AMD promises to introduce its new quad-core processors with K10 micro-architecture in the end of August – beginning of September this year. The first processors on this new micro-architecture will be server Opteron chips based on a core codenamed Barcelona. Unfortunately, AMD engineers failed to hit mass production quantities with the current revision of high-frequency chips. Looks like the main obstacle on the way to higher working frequencies was the fact that four cores running at high speed consume much more power than the platform TDP actually allows. With every new revision and transition to finer production technologies the power consumption will keep lowering and the working frequencies will keep growing. So far, AMD has to immediately start selling processors in order to improve its financial situation, so the first one to start selling will be the quad-core server processor model working at 2.0GHz.
In Q4 2007 AMD promises to increase Opteron working frequencies up to 2.4-2.5GHz and release desktop processors on K10 micro-architecture:
Phenom FX (codenamed Agena FX) – 4 cores, 2MB L3 cache, clock frequencies starting at 2.2-2.4GHz, AM2+ Socket, F+;
Phenom X4 (codenamed Agena) – 4 cores, 2MB L3 cache, clock frequencies starting at 2.2-2.4GHz, AM2+ Socket.
Later in early 2008 AMD promises to introduce “lite” modifications of their new processors, such as:
Phenom X2 (codenamed Kuma) – 2 cores, 2MB L3 cache, clock frequencies starting at 2.2-2.6GHz, AM2+ Socket;
Athlon X2 (codenamed Rana) – 2 cores, no L3 cache, clock frequencies start at 2.2GHz, AM2+ Socket;
Sempron (codenamed Spica) – 1 core, clock frequencies start at 2.2-2.4GHz, AM2+ Socket.
But this is all in the future. So far let’s take a look at the innovations introduced in the new AMD micro-architecture. In our today’s article I am going to try and reveal all the new architecture details and see what practical value they will have for us.

Instructions Fetch:

Processor starts the code processing from fetching instructions from the L1I instruction cache and their decoding. x86 instructions have variable length, which makes it harder to determine their boundaries before decoding starts. To ensure that the identification of the instructions length doesn’t affect the decoding speed, K8/K10 processors decode instructions while the lines are being loaded into L1I cache. Instruction labeling info is stored in special fields of the L1I cache (3bits of predecoding info per each byte of instructions). By performing the predecoding during loading into cache the instructions boundaries can be determined beyond the decoding pipes, which allows maintaining steady decoding rate independent of instructions format and length.
Processors load blocks of instructions from the cache and then pick out instructions that need to be sent for decoding. A CPU on K10 micro-architecture fetches instructions from the L1I cache in aligned 32-byte blocks, while K8 and Core 2 processors fetch instructions in 16-byte blocks. At 16 bytes per clock the instructions are fetched fast enough for K8 and Core 2 processors to send three instructions with the average length of 5 bytes for decoding every clock cycle. However, some x86 instructions may be 16 bytes long and in some algorithms the length of a few adjacent instructions may be greater than 5 bytes. As a result, it is impossible to decode three instructions per clock in such cases. (Pic.1).
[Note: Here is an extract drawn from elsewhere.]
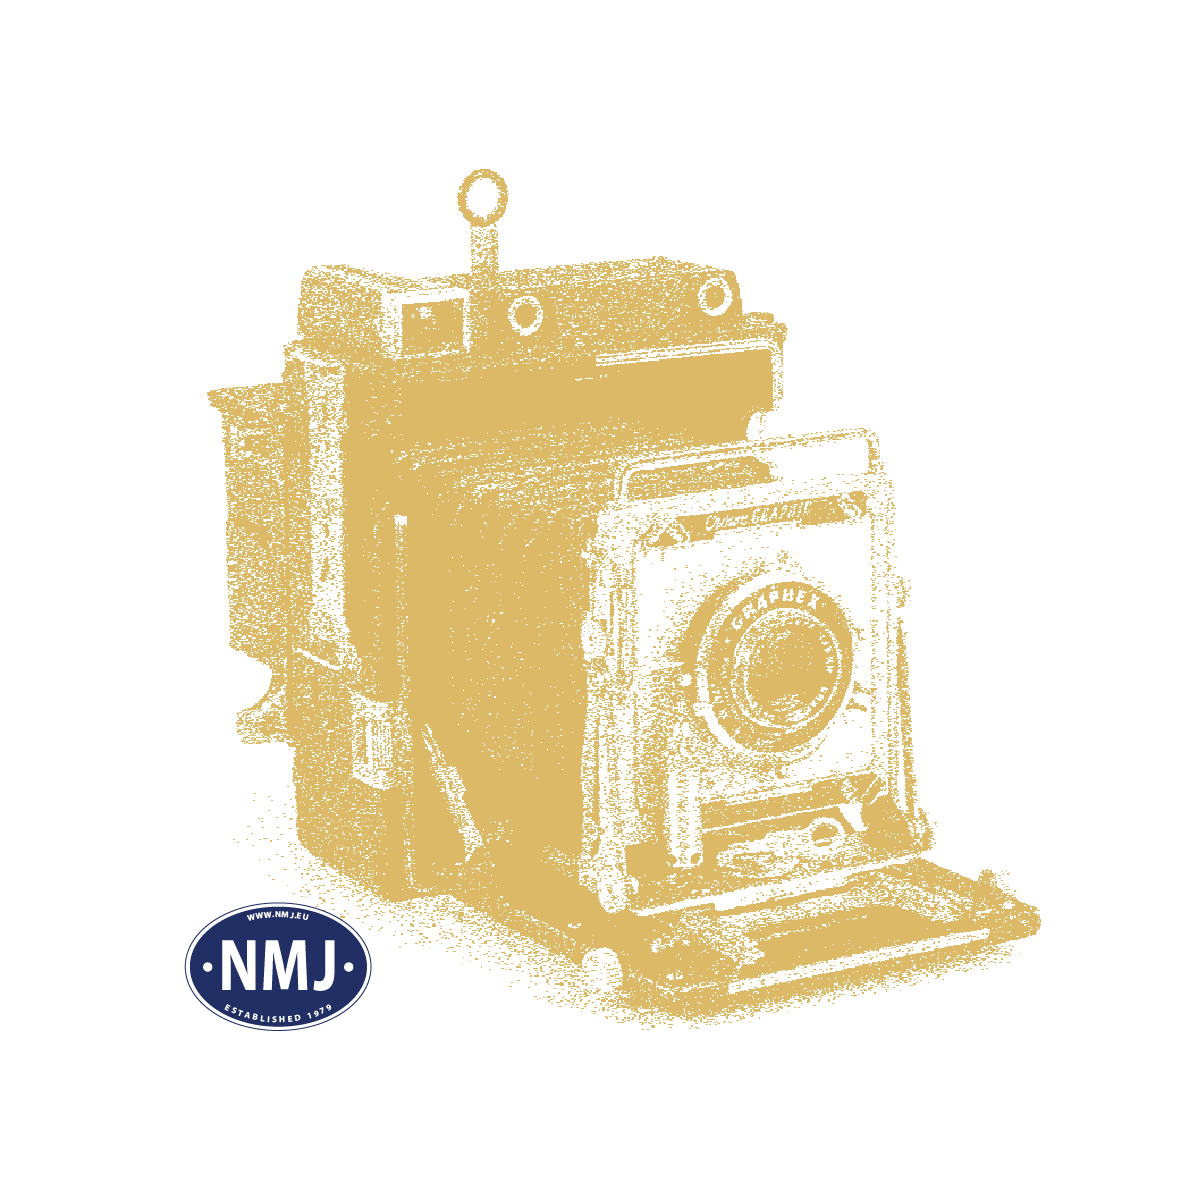 NMJT90403 - NMJ Topline 5404 Diesellok der SNCB, DCC m/ Sound
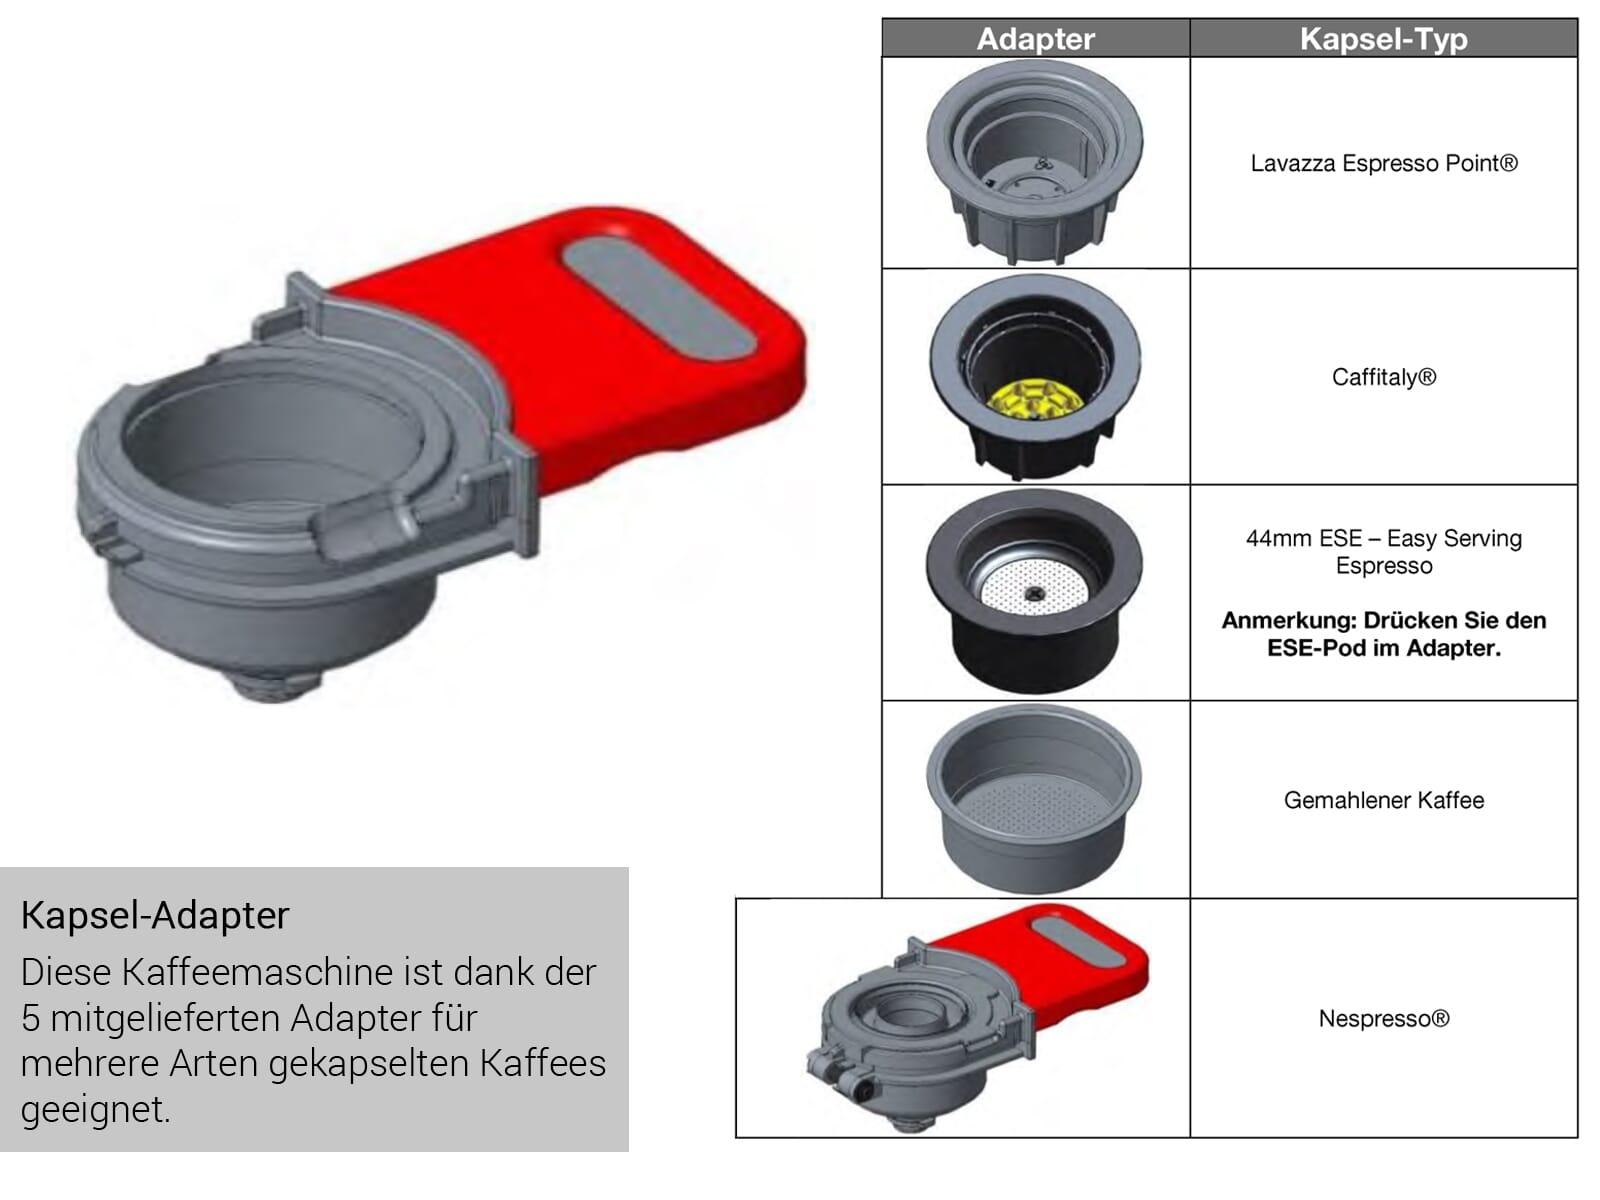 Küppersbusch CKK 6350.0 S5 K-Series.3 Kaffee-Kapselautomat Schwarz/Black Velvet für Nespresso® Kapseln

Pic 1: A few adjacent long instructions limit the decoding speed during instructions fetch 16-byte blocks.


Namely, SSE2 – a simple instruction with operands of register-register type (for example, movapd xmm0, xmm1 ) – is 4 bytes long. However, if the instruction generates addressed memory requests using the base register and offset (for example, movapd xmm0, [eax+16] ), the instruction increases up to 6-9 bytes, depending on the offset. If additional registers are involved in 64-bit mode, there is one more single-byte REX-prefix added to the instruction code. This way, SSE2 instructions in 64-bit mode may become 7-10 bytes long. SSE1 instructions are 1 byte shorter, if it is a vector instruction (in other words, if it works on four 32-bit values). But if it is a scalar SSE1 instruction (on one operand) it can also be 7-10 bytes long in the same conditions.
Fetching maximum 16-byte blocks is not a limitation for K8 processor in this case, because it cannot decode vector instructions faster than 3 per 2 clocks anyway. However, for K10 architecture a 16-byte block could become a bottleneck, so increasing the maximum fetch block size to 32 bytes is an absolutely justified measure.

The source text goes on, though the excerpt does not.